Shuni

Le père de Julie était pasteur. Quelques années après le début de sa mission, il avait fait construire l’église baptiste sur le boulevard Montagnais, juste devant le Conseil de bande. De l’extérieur, elle ressemblait davantage à un centre communautaire qu’à un lieu de culte.

Une quinzaine de croyants s’y rassemblaient le diman-che matin. Vêtus d’habits propres et accompagnés de leurs jeunes enfants. Jamais à l’heure. Parfois, certains y allaient pour la curiosité d’entrer dans une nouvelle construction. La religion protestante n’en était qu’à ses balbutiements chez les Innus de nature plutôt conservatrice et de confession catholique.

J’ai fait la connaissance de Julie un dimanche matin durant le rassemblement des enfants au sous-sol de l’église. Nous étions trois fois plus nombreux que les adultes. Nous étions bruyants. Des enfants indisciplinés et blagueurs. Mis à part elle. Elle restait en retrait. Blonde, les yeux pâles, timide. Ça m’a incitée à lui parler.

La maison de Julie se trouvait à l’extérieur de la réserve, juste avant l’intersection qui mène à Maliotenam. Une vieille maison retapée, exiguë, dans laquelle les jeux de société, les instruments de musique et les livres s’entassaient. Son père avait choisi d’œuvrer chez les Innus. Il y est resté treize ans. Il a élevé ses quatre enfants. Puis, il a rebroussé chemin. Son œuvre l’amenait ailleurs, dans son village natal, loin, très loin de chez moi.

Nous étions petites filles et toutes deux, nous étions réservées. Elle par son incapacité à aligner deux phrases sans rougir. Moi, par le lieu. Cette réserve qui m’a vu naître et qui m’enracinait. Immuable, intransigeante. Et parce que nous partagions cet état, naturellement nous sommes devenues amies.

Elle avait l’écoute facile. Le jugement absent. J’avais la parole continue. Nos rêves de gamines en commun. Elle n’avait jamais peur dans la forêt, même en pleine nuit.

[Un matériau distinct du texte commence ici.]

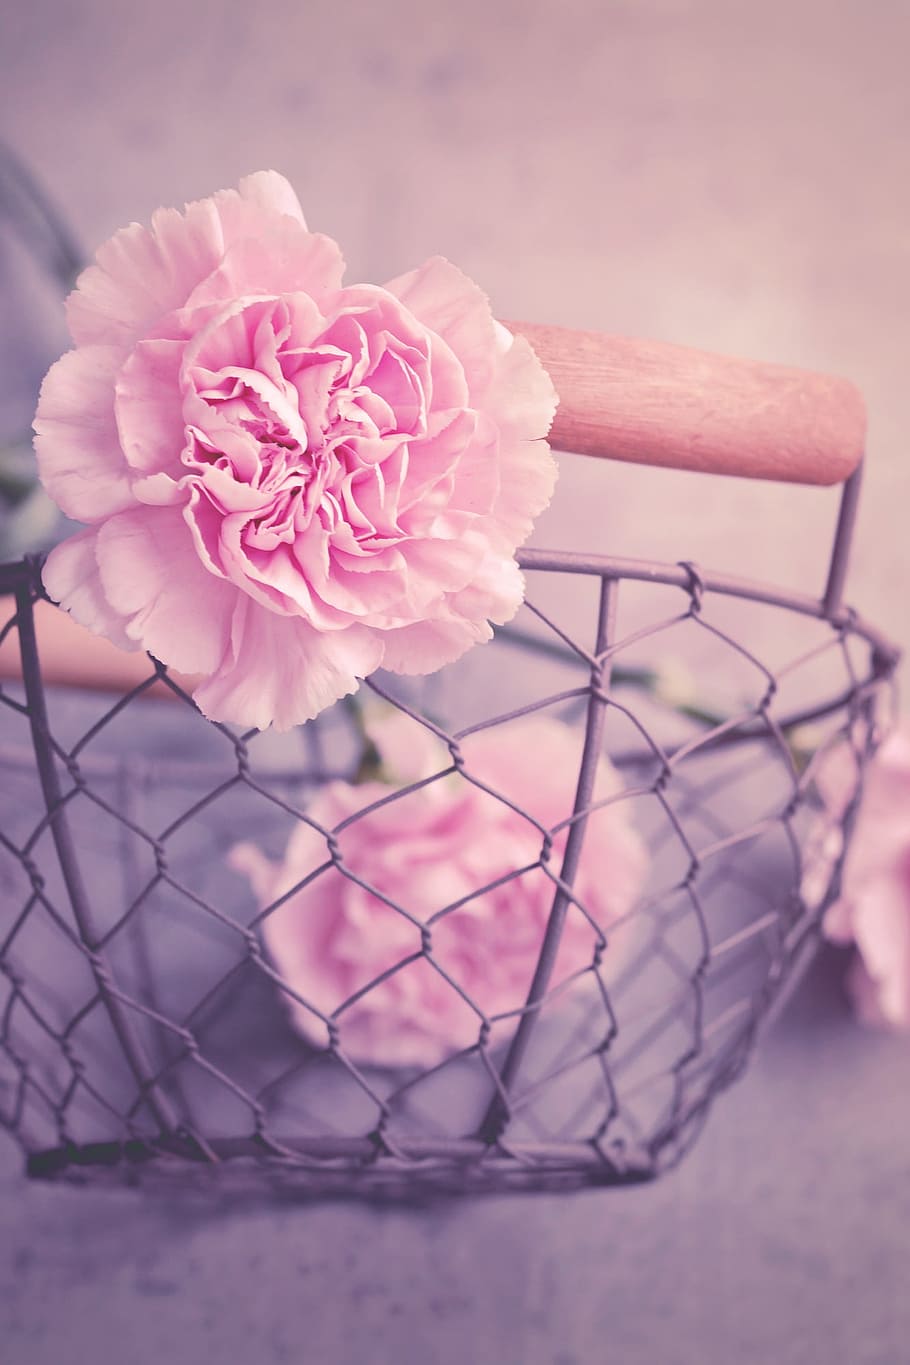 cloves, flowers, pink, carnation pink, petals, cut flowers, basket, metal basket, close, pink color

J’avais la certitude qu’elle me protégerait des ours parce qu’elle était la fille du pasteur et que ses prières seraient exaucées, contrairement aux miennes, moi fille de personne. Lorsqu’elle est partie, on s’est promis de s’envoyer des lettres. Mais on ne s’est jamais écrit. On avait peu à se dire, tout compte fait.

Des années plus tard, après ses études en travail social, j’ai appris qu’elle reviendrait à Uashat en tant que missionnaire. Seule cette fois-ci. Dans une vieille Toyota achetée de seconde main. Refaire cette route qui traverse le pays. Les Rocheuses, les plaines, les métropoles, pour atteindre tranquillement la 138. Elle verrait le fleuve qui s’étire à sa droite. Les montagnes et les lacs à sa gauche. Les courbes moins abruptes. Une route adoucie grâce aux millions du gouvernement et pour cause, les accidents fréquents, tant en été qu’en hiver. Elle aurait sans doute ce sentiment réconfortant, qui évoque l’enfance, celui de retourner à la maison.

C’est aujourd’hui que je décide de lui écrire. Ces mille mots que j’ai entassés dans mes cahiers depuis que je vis moi aussi, loin, si loin de chez moi. Maintenant devenues adultes, l’envie de partager avec elle ce qui me manque de ma communauté. Ce qui m’a traversée, ce que j’ai laissé, ce qui m’a fait grandir, ce que j’aime. Sans conseil et sans reproche. Parce que je crois qu’avant d’aider qui que ce soit, avant de tenter de transformer des peines incomprises en joies, des drames pas racontés en allégresses, avant de leur parler de Jésus, il faut bien commencer par les connaître. Et leurs histoires, leurs identités, leurs idéaux, ce à quoi ils rêvent la nuit. Le quotidien de ces gens vers qui elle a choisi d’aller.

J’ajouterais que j’ai du respect pour ceux, celles, qui s’aventurent sur les routes éloignées afin de travailler au sein de nos communautés. Comme Julie, j’admire leur courage et leur empathie. Je sais que l’intention est bonne. Mais je sais aussi que ce n’est pas suffisant.